EXERCISE OBJECTIVE ->
Transcribe the records exactly. Pictures do not belong in the transcription.

Dataset records ->
◆ ◆ ◆ ◆ ◆ ◆ ◆

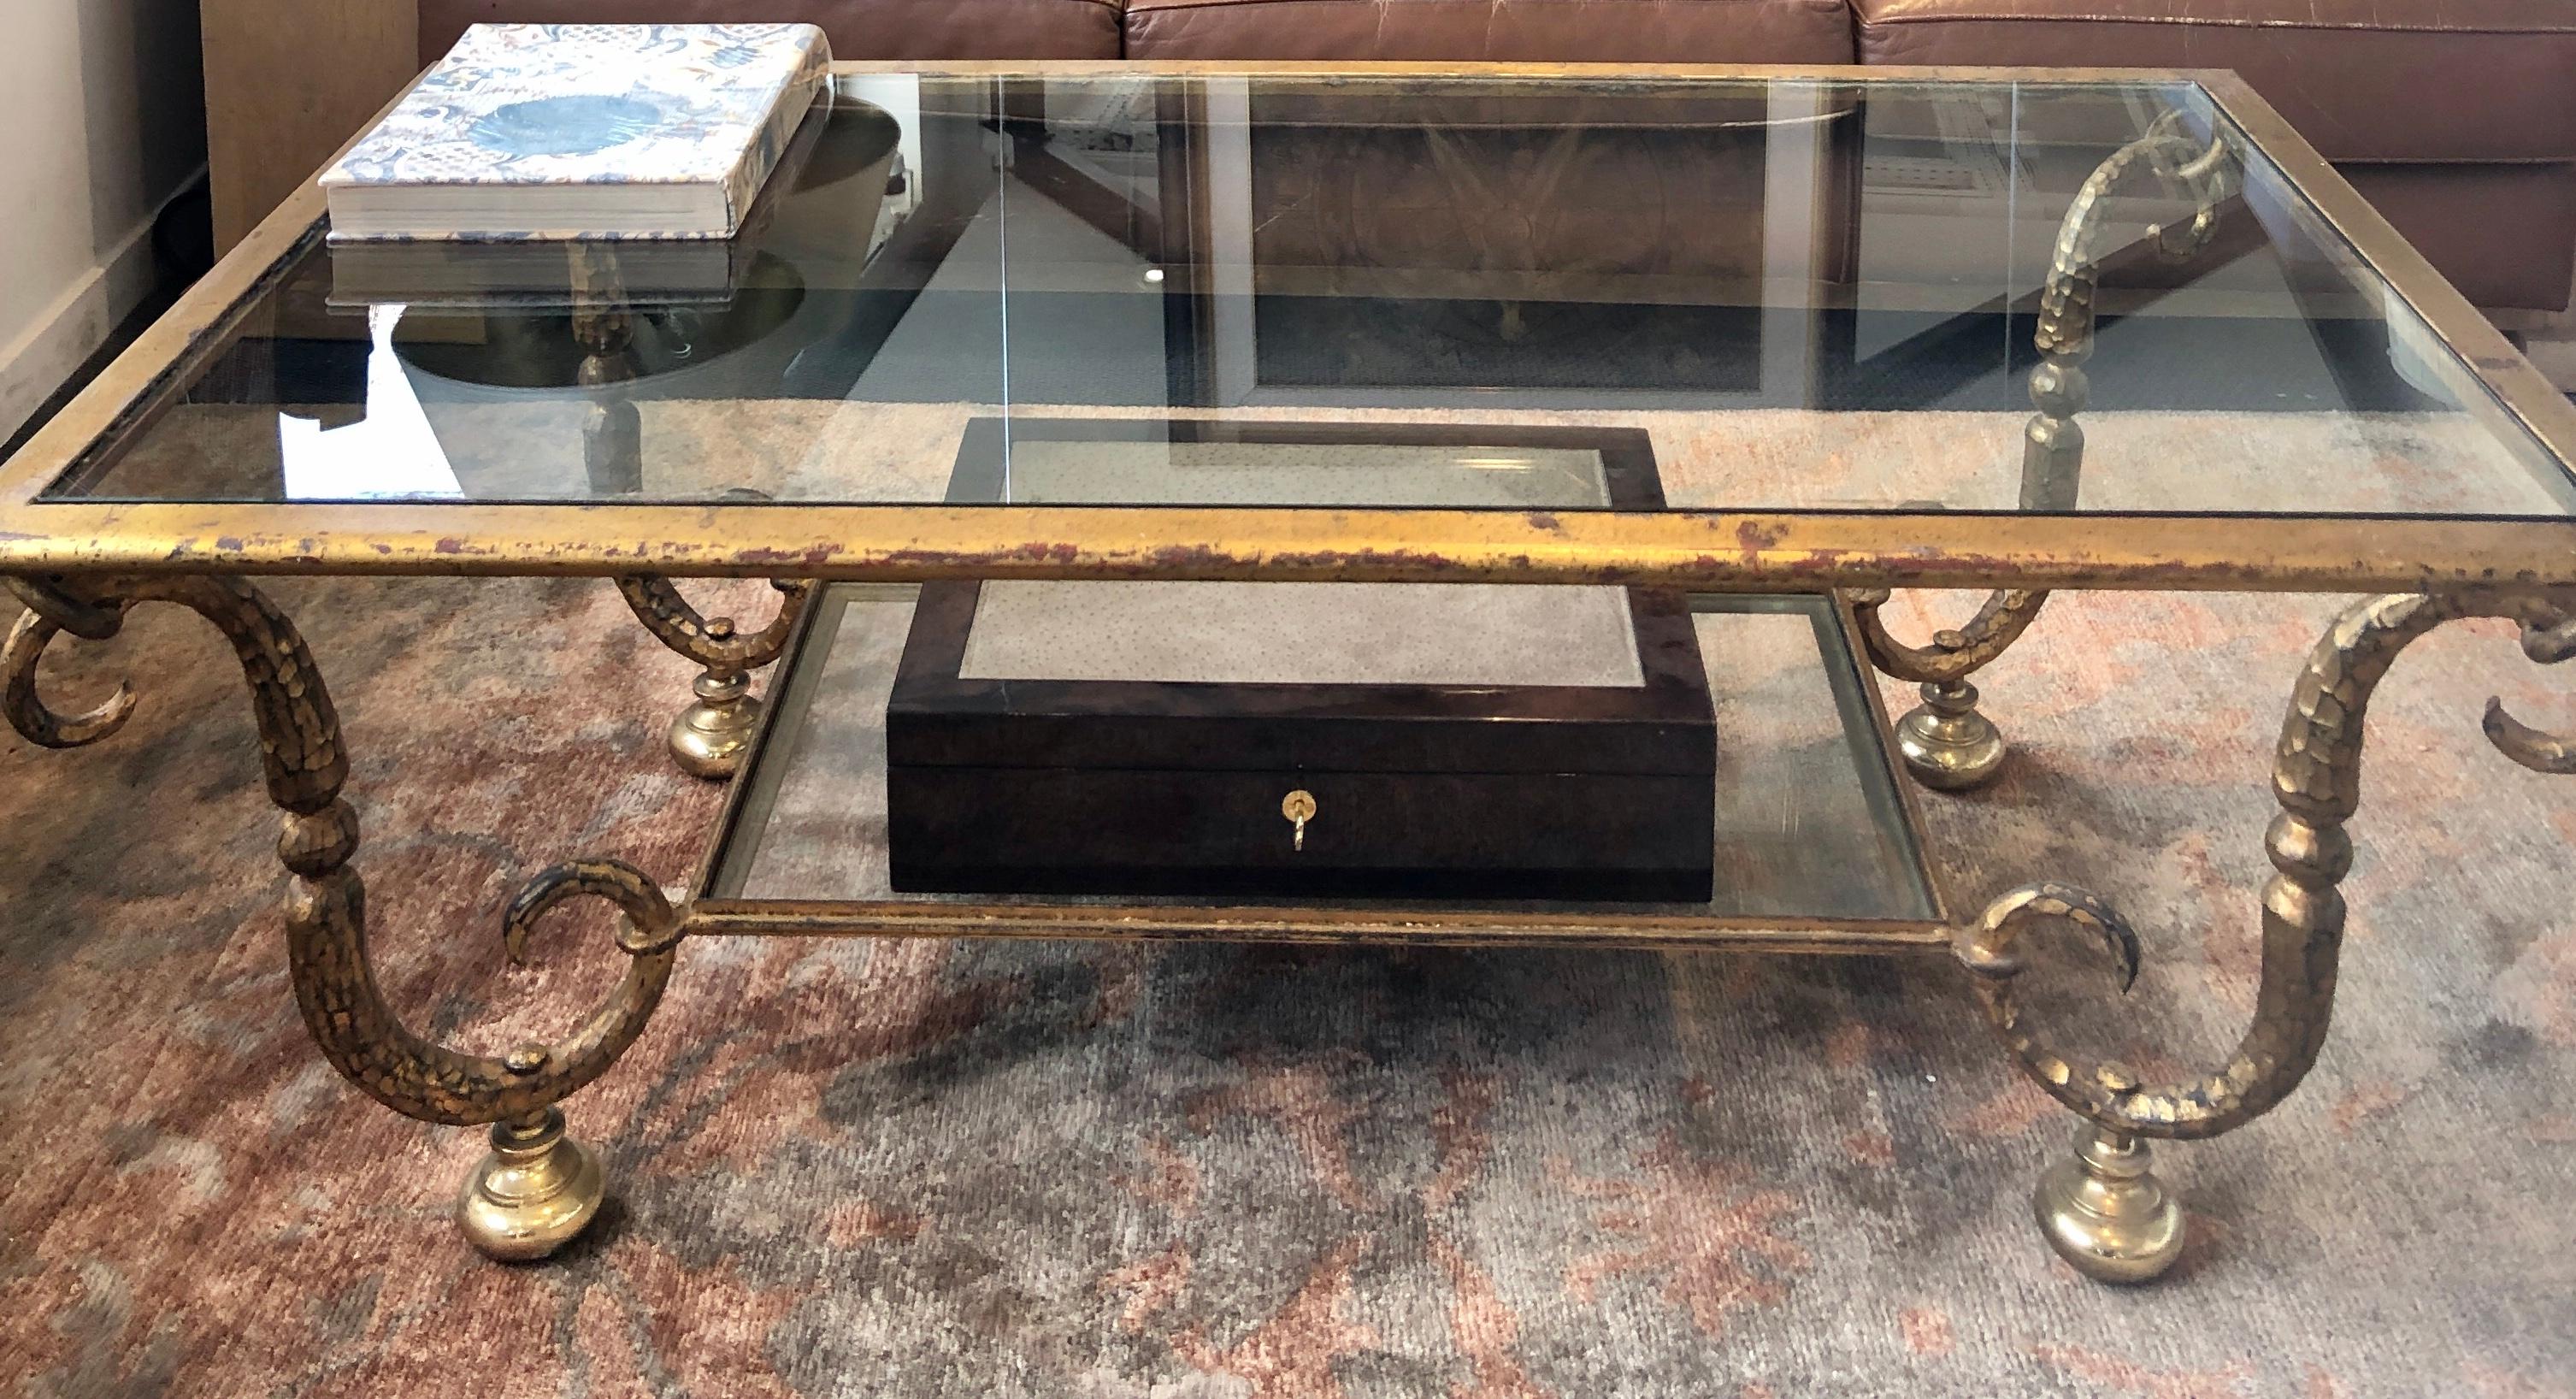 Rectangular coffee double tray coffee table from the French Maison Ramsey with hammered forged iron structure, scroll-shaped legs patinated with gold leaf finishing,
The top glass is thick and the end of the legs are placed on a solid brass
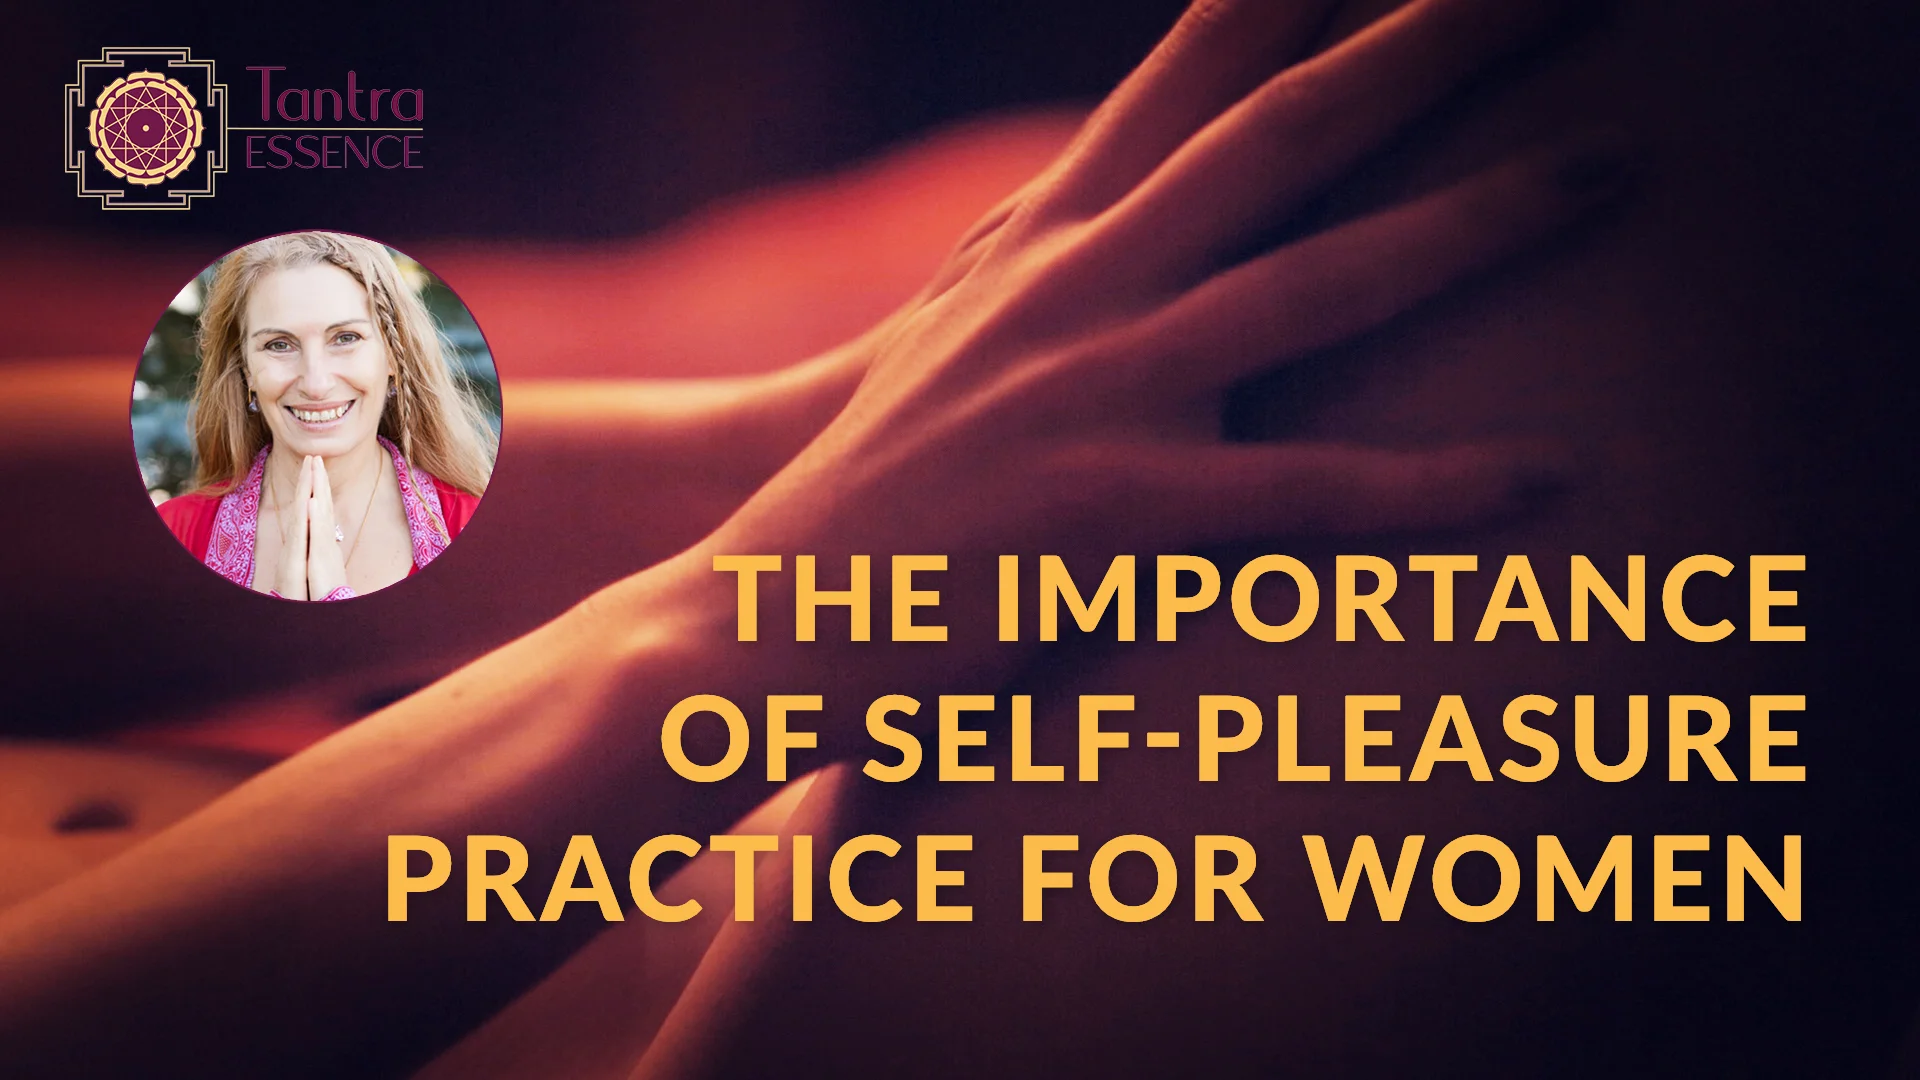 The importance of self-pleasure practice for women on Vimeo
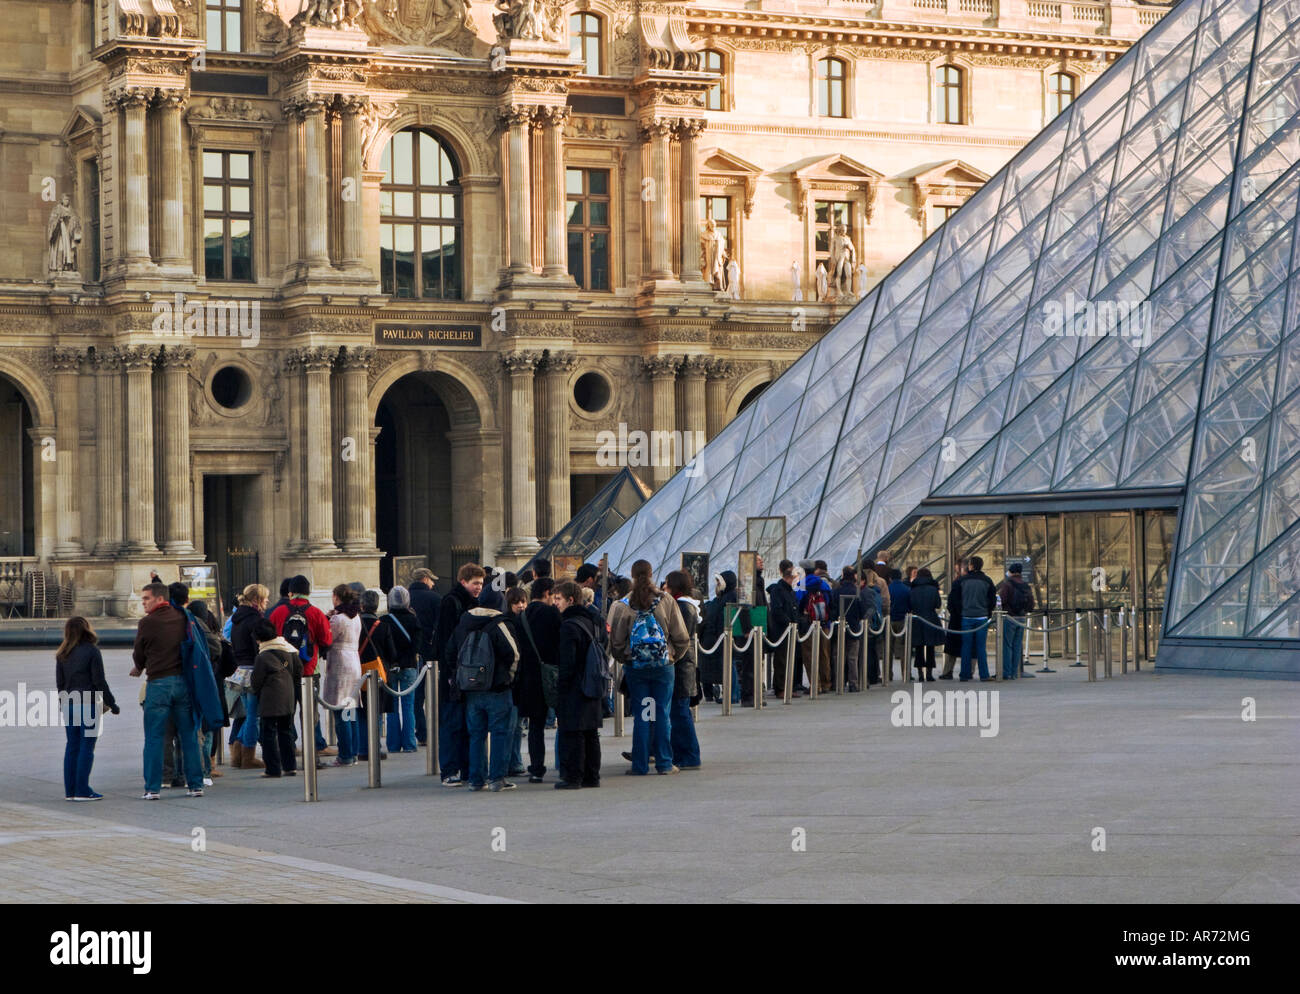 Louvre Museum, Paris, France, Europe - Visitors queue up early in the morning at the Louvre Pyramid entrance Stock Photo
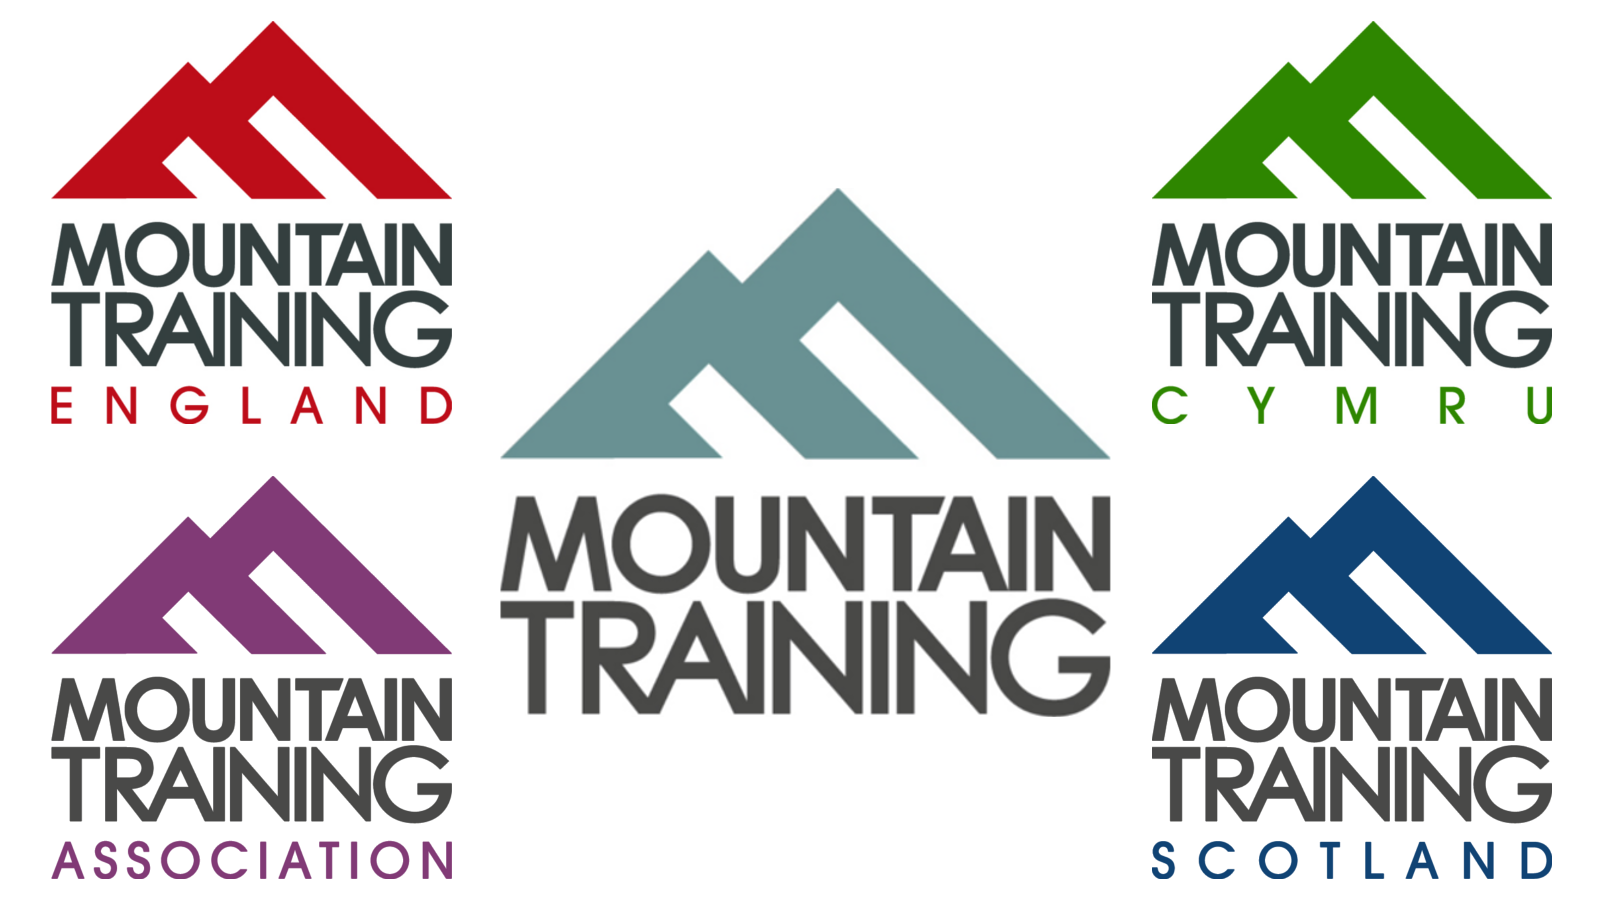 A collage depicting the Main Logos of the Mountain Training Home Boards and the Mountain Training Association. Mountain Training UK are missing as I couldn

◆ ◆ ◆ ◆ ◆ ◆ ◆

EXERCISE RESULT ->
 Rectangular coffee double tray coffee table from the French Maison Ramsey with hammered forged iron structure, scroll-shaped legs patinated with gold leaf finishing,
The top glass is thick and the end of the legs are placed on a solid brass
 The importance of self-pleasure practice for women on Vimeo
 Louvre Museum, Paris, France, Europe - Visitors queue up early in the morning at the Louvre Pyramid entrance Stock Photo
 A collage depicting the Main Logos of the Mountain Training Home Boards and the Mountain Training Association. Mountain Training UK are missing as I couldn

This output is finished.